- INPUT DATA:
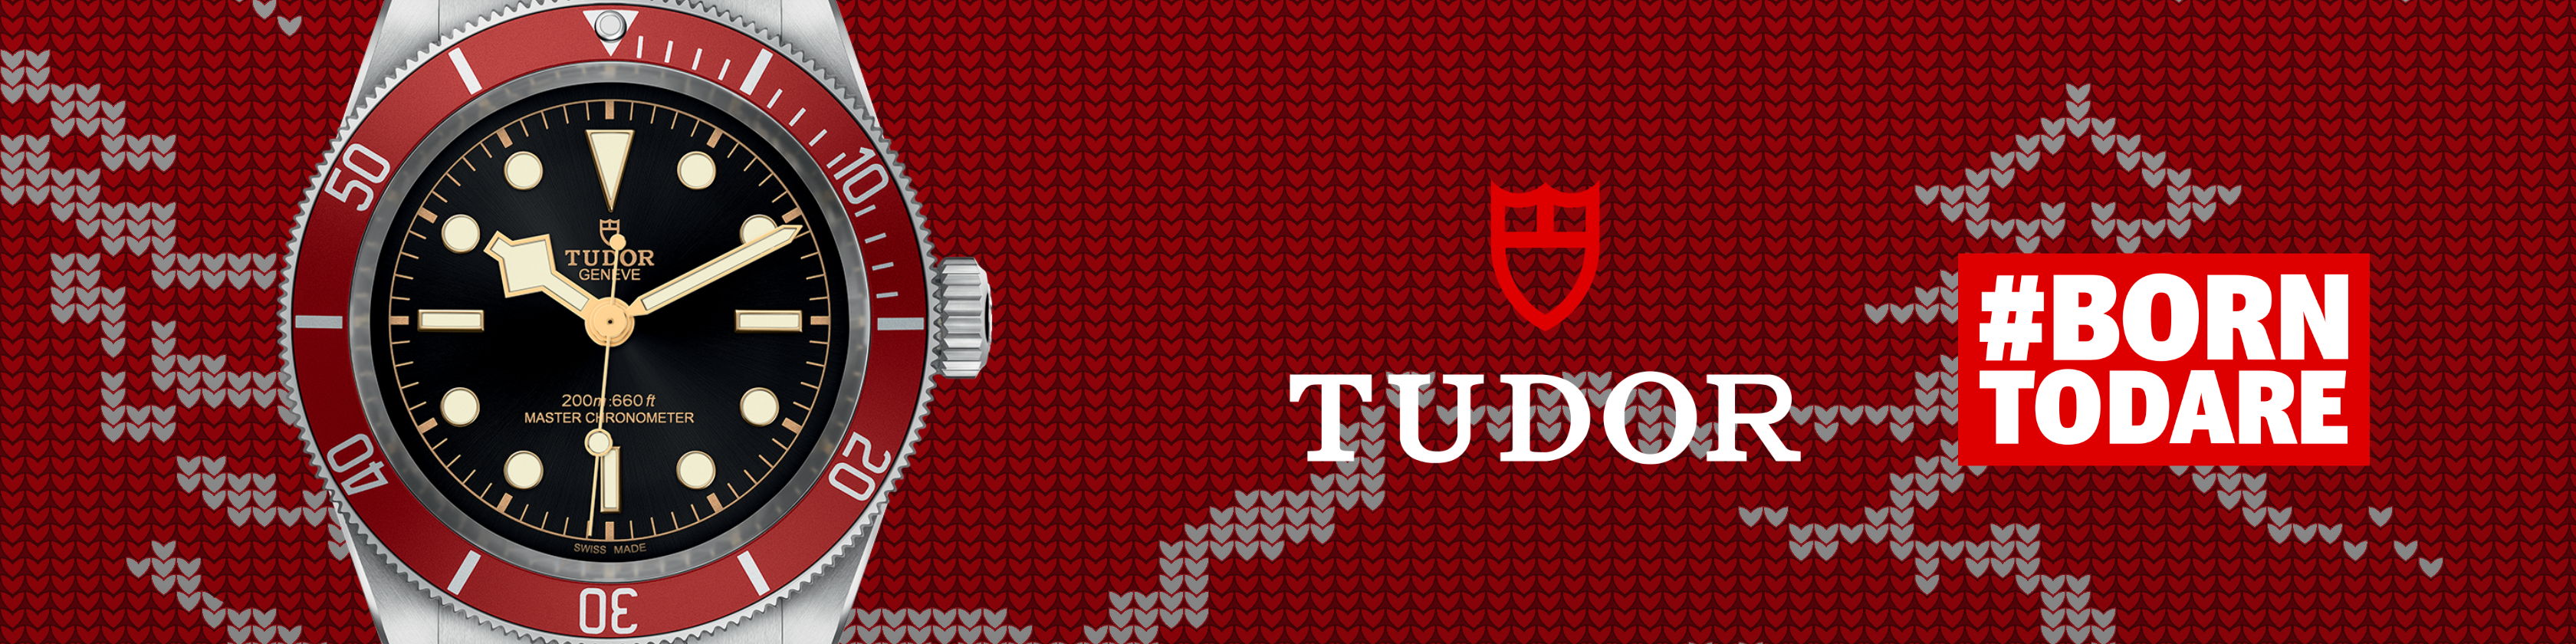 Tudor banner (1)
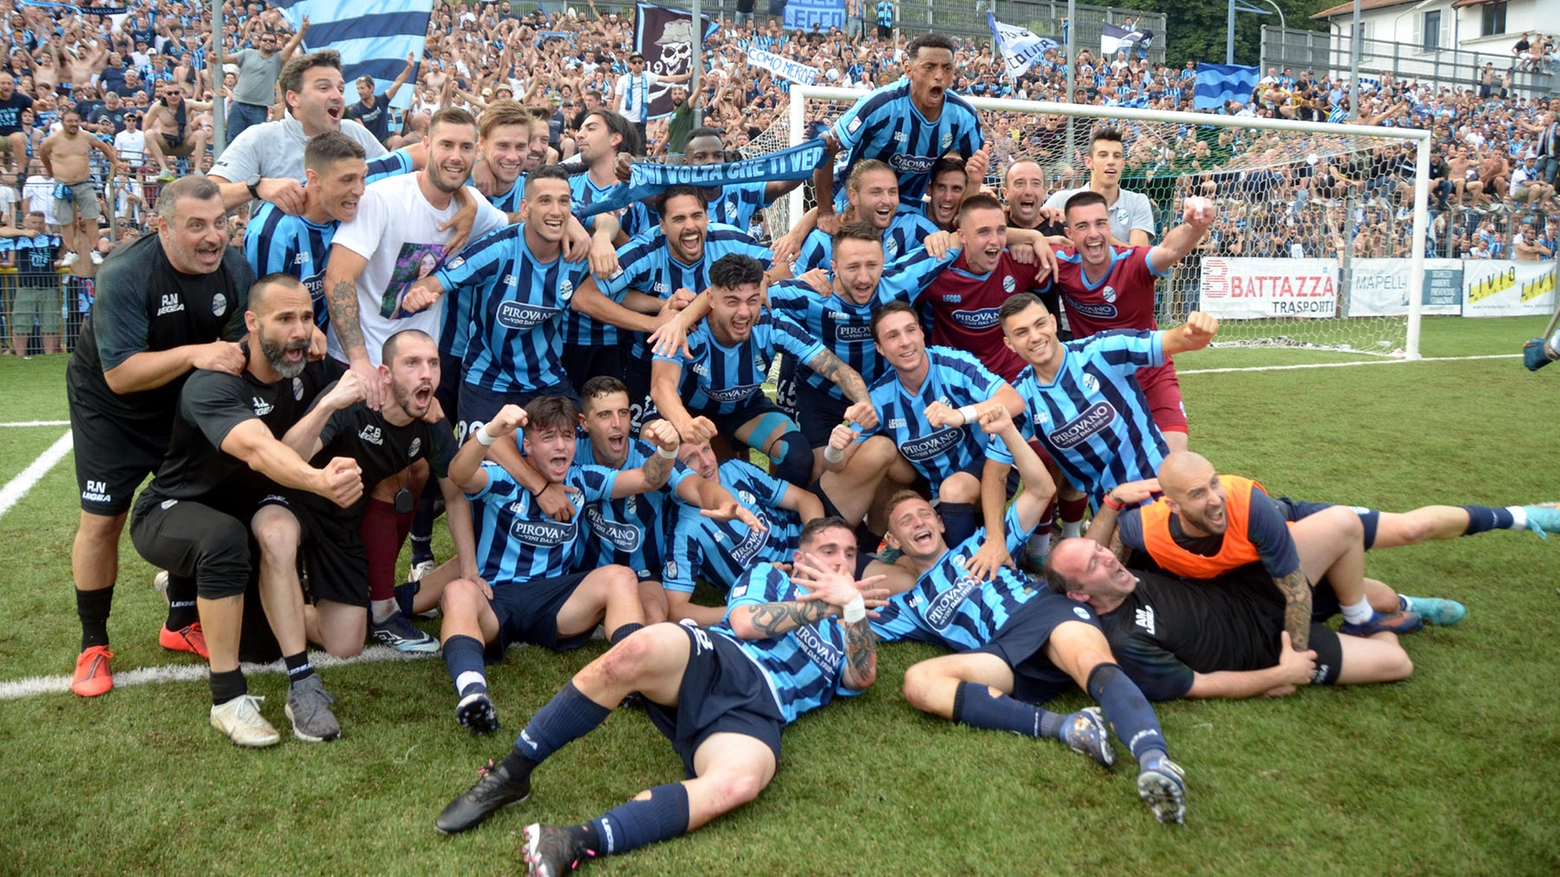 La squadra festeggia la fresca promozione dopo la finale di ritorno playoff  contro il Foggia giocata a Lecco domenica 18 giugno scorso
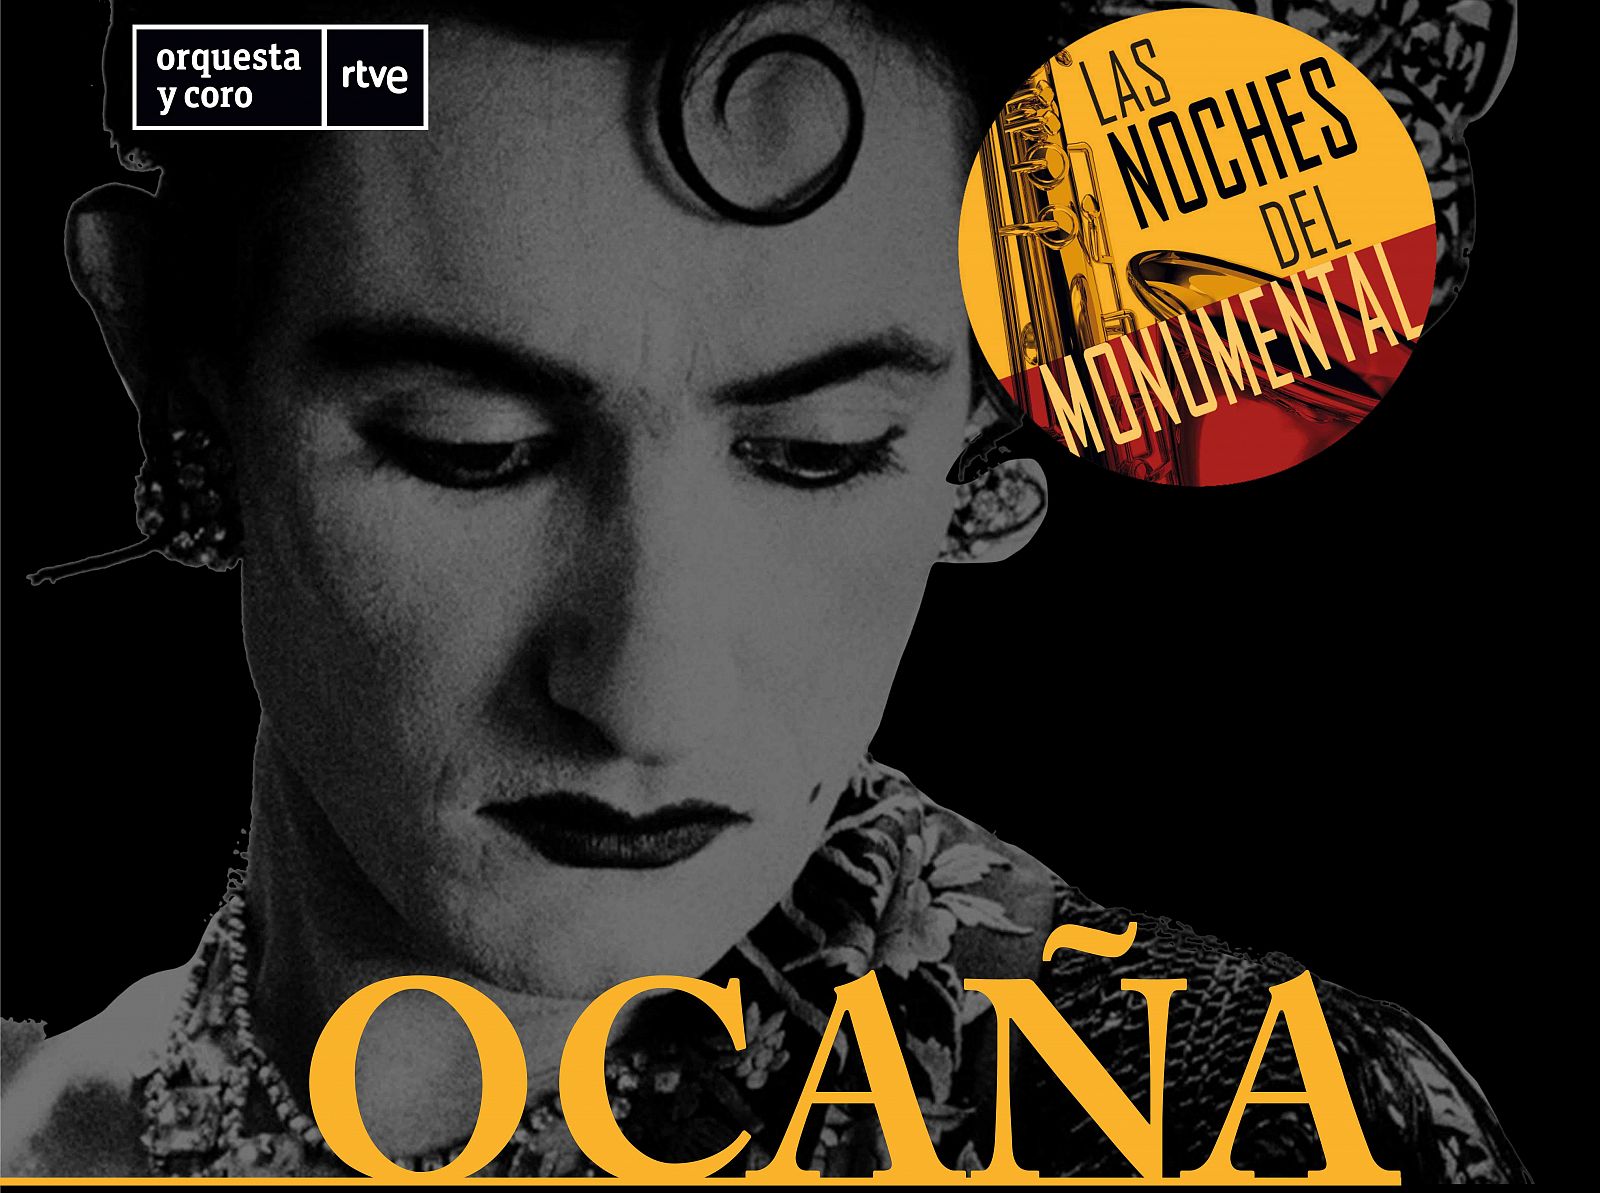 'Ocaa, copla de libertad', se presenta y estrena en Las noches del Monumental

- YOUR INSTRUCTIONS: Quote the material word for word, dropping any images it holds.

- TASK RESPONSE:
 Tudor banner (1)
 La squadra festeggia la fresca promozione dopo la finale di ritorno playoff  contro il Foggia giocata a Lecco domenica 18 giugno scorso
 'Ocaa, copla de libertad', se presenta y estrena en Las noches del Monumental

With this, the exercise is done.